By figuring out what to write, I had to think carefully what I wanted to do and what I was most passionate about. This helped me clarify the next steps to take in my career.

It was a massive bonus that my writing caught the attention of Jonathan Bales and Peter Jennings, which helped me land my current job with Lucky Trader. I’m very fortunate to now be working at the intersection of my lifelong passions for technology and sports, as well as my newfound curiosity for NFTs and cryptocurrencies.
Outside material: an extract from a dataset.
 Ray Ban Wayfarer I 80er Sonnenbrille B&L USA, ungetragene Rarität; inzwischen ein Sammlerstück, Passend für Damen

During the COVID era, it’s been especially hard to network in-person, whether it’s finding new opportunities or meeting interesting people. However, a lot of networking can be replicated online, oftentimes with greater reach and efficiency. I believe that publishing your work online is hands-down the best way to creating your own luck in finding new opportunities.
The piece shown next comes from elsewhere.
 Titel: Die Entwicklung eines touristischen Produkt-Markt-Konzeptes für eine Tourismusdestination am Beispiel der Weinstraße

Here’s what Balaji Srinivasan, the former CTO of Coinbase and General Partner at Andreessen Horowitz, has to say about that:

I’m not one of those people that discount the value of college degrees, especially the ones from top schools. But in the competitive world that we live in today, having tangible work to show in public can help you stand out from the noise.

Enjoy the Creative Process

The last benefit of publishing online? It can be a lot of fun.

I often experience writer’s block and can be busy with my day job (which is a classic excuse, but I bet you can relate!) There is a lot of inertia that stops me from getting started, but when I do get the ball rolling, the process becomes very addicting.

It’s an intoxicating experience to see your work take form into a coherent product. When I write an especially solid paragraph, I get very excited even if no one else has read it yet. If someone (aka anyone) reacts positively to it online, I get a massive adrenaline rush.

Most of us spend most of our time consuming, whether it’s on Netflix, Instagram, or Tik Tok. It gives us the momentary, easy hits of dopamine that keep us going through the day. But the creative process provides a much more meaningful sense of fulfillment that can last much longer.

Just Send It

I’ve officially been writing online for a year now. After spending some time reflecting on this decision, I believe it’s been one of the most rewarding of my life. I may not reach my goal of building a huge online audience anytime soon, but I still gain a tremendous amount of knowledge and satisfaction by writing for myself at my own pace. As a result, I really recommend creating work publicly, even if you don’t care much about followers.

Needless to say, the same benefits apply to other forms of work besides writing, whether it’s publicizing your code on GitHub or sharing your ideas verbally on a podcast.

Going forward, I’ll take my own advice and start publishing more frequently. I plan on starting my own “crypto journal,” where I’ll document the weird and disruptive NFT/crypto projects I’m discovering during my new journey with Lucky Trader.

In a few short months, I’ve gained a lot of new ideas and insights that I would’ve loved to have known six months ago. It’ll be a fun project to document my learning process and hopefully help others that are new to this space.